В ту пору аудиенции у меня добился Е.О. То была наша с ним последняя встреча. Он пытался осушить мои слезы – но что значили для меня его утешения! Он строил предположения по поводу того, кто является автором пасквиля. Он пребывал в холодном бешенстве по отношению к предполагаемому сочинителю. Мой друг ни секунды не сомневался, что пасквиль – дело рук Аврамова, к тому времени уже несколько дней как покойного. Я тогда почти не слушала его. Когда я так опозорена – что за дело мне до того, кто открыл миру мои язвы?! Однако же теперь, когда минуло семь месяцев со времени случившегося, я также склоняюсь к предположению, что автор письма – Аврамов. И потому, что появление пасквилей случилось удивительно ко времени. Первые послания поступили к адресатам в Петербурге как раз на второй день после того, как он убил себя в своем собственном кабинете. Но это он писал и отправлял подметные письма. Онегин сказал, что узнает в его стиле его подлую натуру. Адресовать пасквиль моему супругу – чтобы тот вызвал (а он непременно бы вызвал!) Е.О. – главного врага и угрозу благополучия Аврамова. Загрести жар чужими руками. Убить человека в результате чудовищной интриги – о, я хорошо узнавала руку убийцы! Именно такой методой устранил он четыре года назад своего племянника Ленского, причем тогда ведь и тени подозрений не пало на него! И теперь, совершенно очевидно, он хотел с помощью моего супруга (словно бы тот был наемным разбойником!) избавиться от Евгения, который разгадал его тайну.
Подметное послание, очевидно, стало его последней подлостью. Видимо, он его переписал и отправил как раз перед тем, как к нему на квартиру пришел Е.О., – перед тем, как умереть. И вот теперь, уже из гроба, он мстил Онегину.
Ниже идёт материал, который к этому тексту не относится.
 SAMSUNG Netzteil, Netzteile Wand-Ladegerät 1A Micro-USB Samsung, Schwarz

Но что – Онегин! Любовник в глазах общественного мнения – лицо героическое. Ему-то не к лицу и не пристало страдать от пасквиля! Можно было только гордиться: он – донжуан. Благородный совратитель, благодаря которому женщина пренебрегла верностью своему долгу. Любовник, сумевший покорить и скомпрометировать даму высшего света. Его страдания (даже если они и были) нельзя и близко сравнить с моими. Но самое острое, самое ядовитое жало письма оказалось направлено против моего супруга.
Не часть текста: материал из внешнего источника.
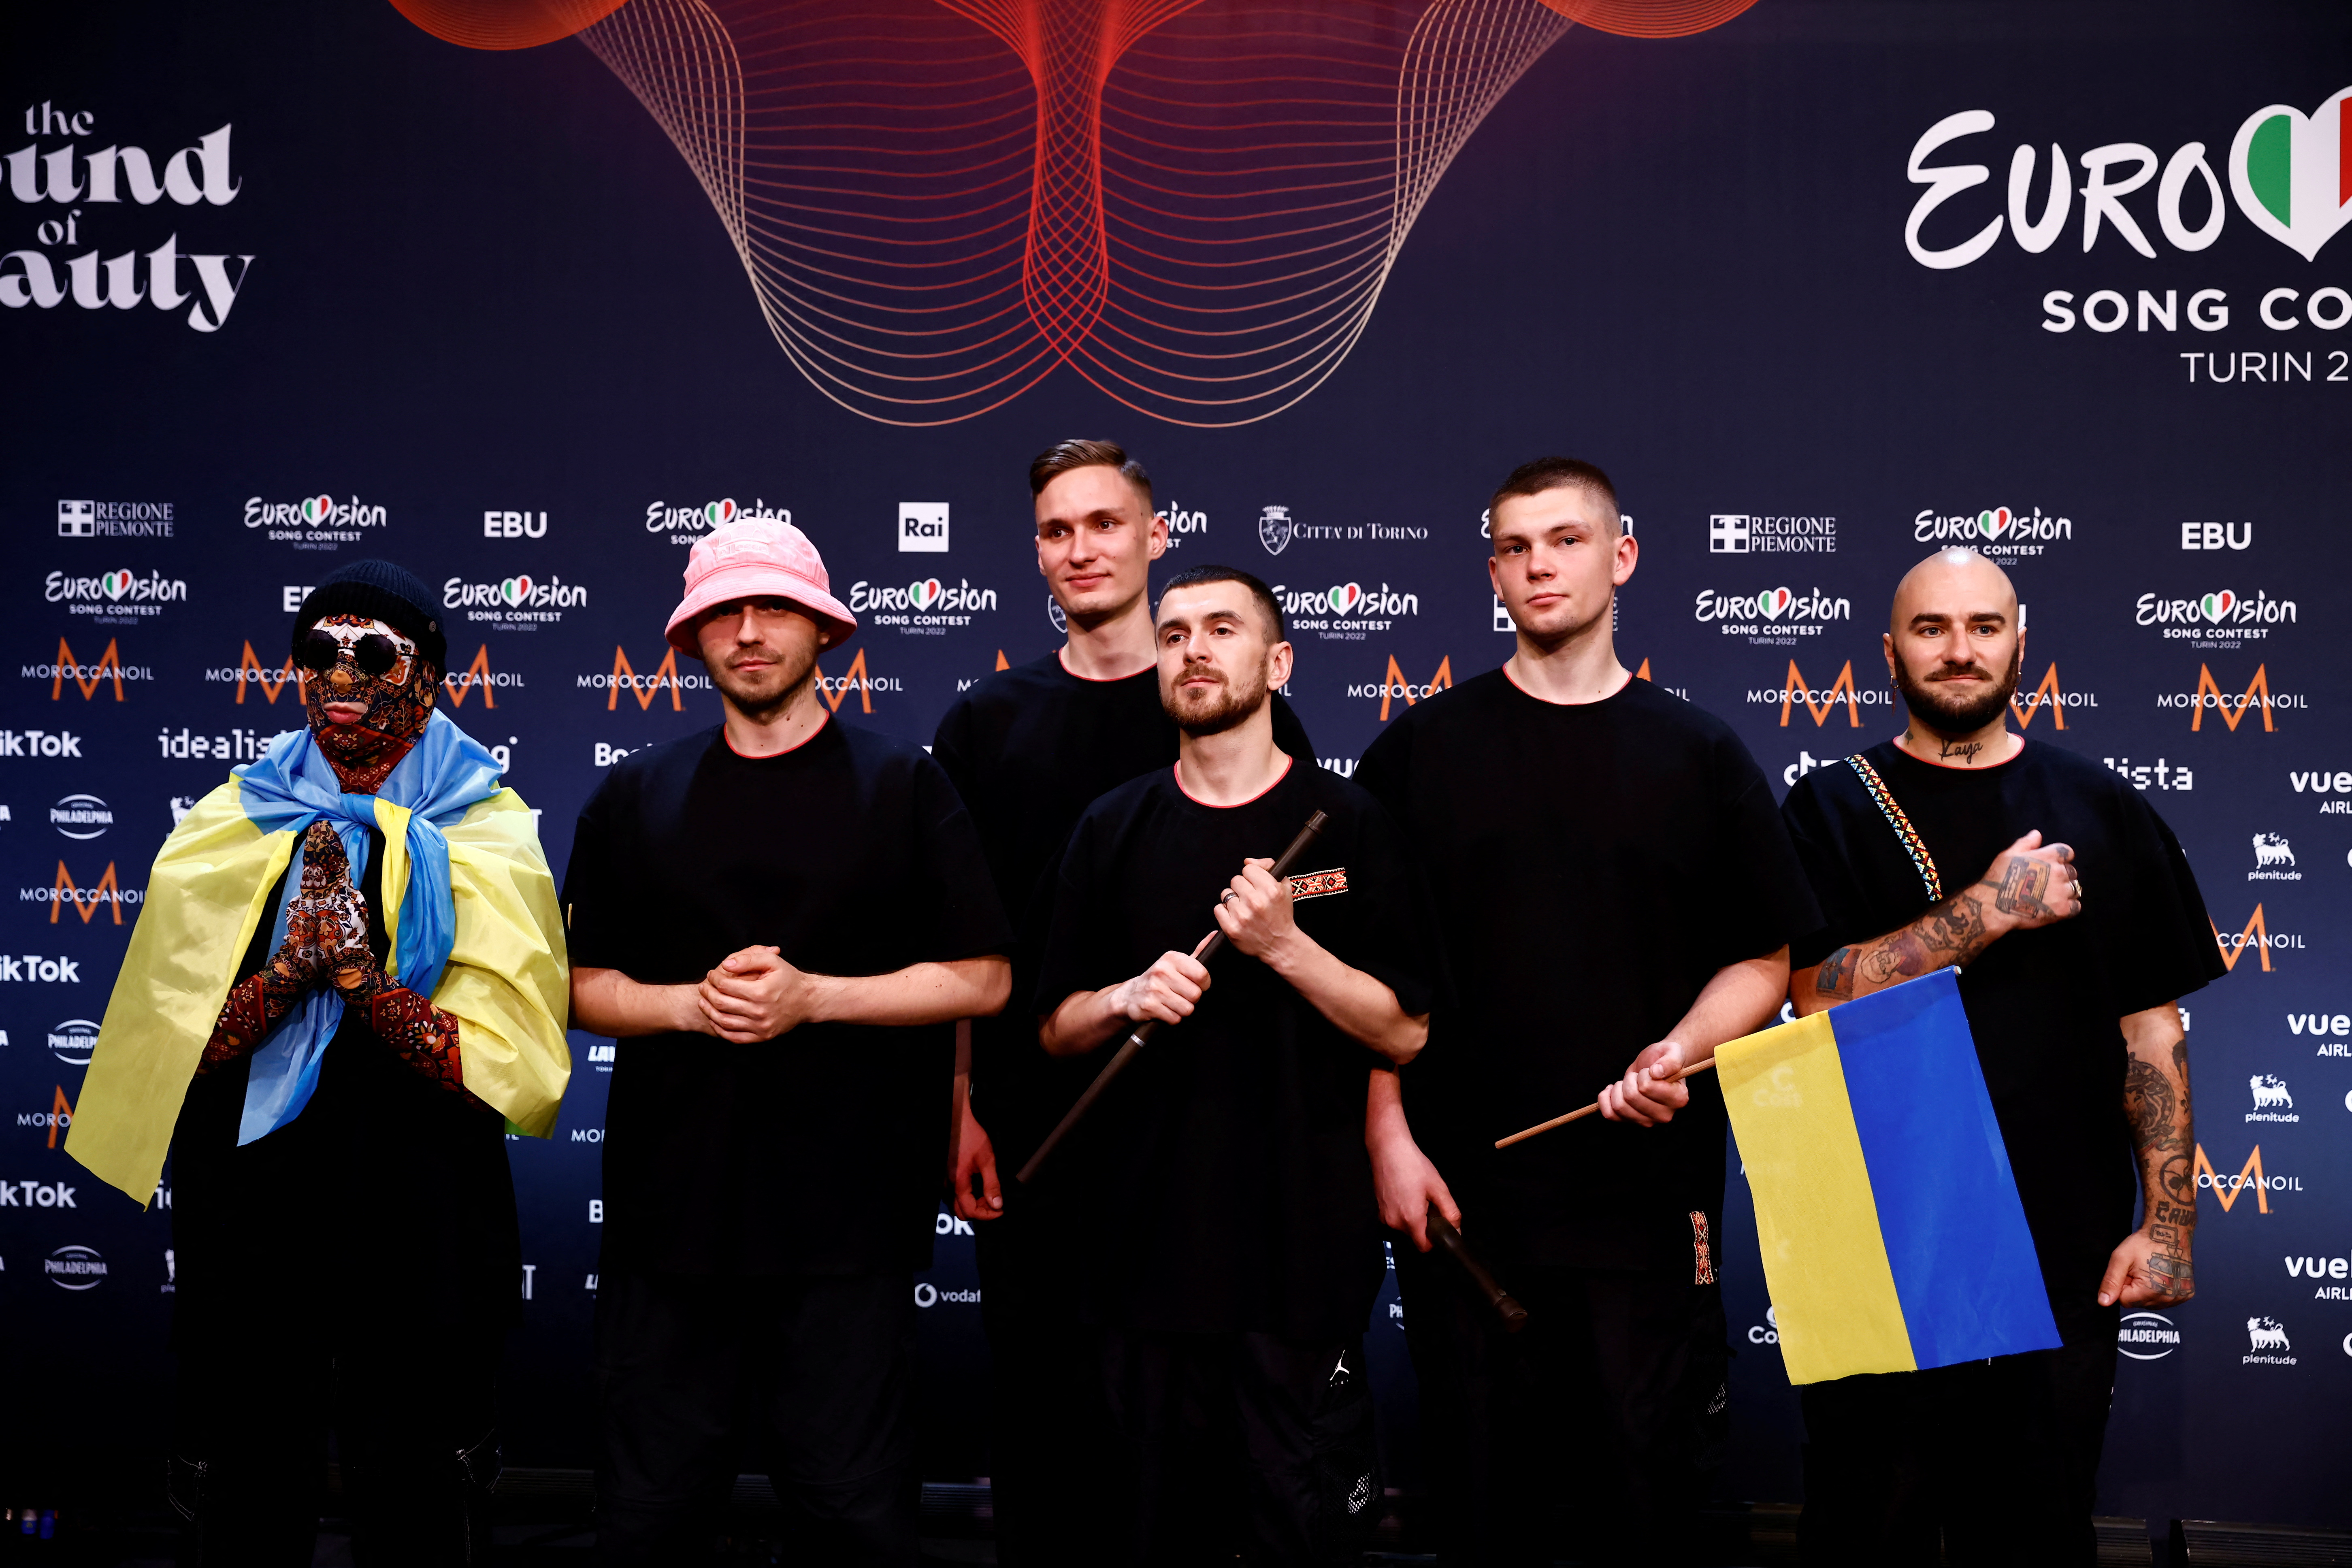 La banda de seis miembros recibió un permiso especial para salir del país y representar a Ucrania y la cultura ucraniana en el concurso de música. (REUTERS/Yara Nardi)

Я могу только представить, как больно было моему мужу, когда он получил тот пасквиль. Какую бурю ужасных чувств он пережил в своей душе: он обманут… предан… опозорен… обесчещен… Ох, нет! Не могу думать об этом! Слезы душат меня! Как же я виновата перед ним! И нет его рядом – чтобы я могла припасть к его ногам и вымолить прощение!
Нет, надо взять себя в руки. Мне надо с трезвой и холодной головой описать происшедшее – чтобы помочь самой себе. И главное, чтобы сберечь на бумаге память о своем супруге.
Когда я оказалась, наконец, в состоянии, мне рассказали очевидцы о последних днях и часах моего супруга, князя N.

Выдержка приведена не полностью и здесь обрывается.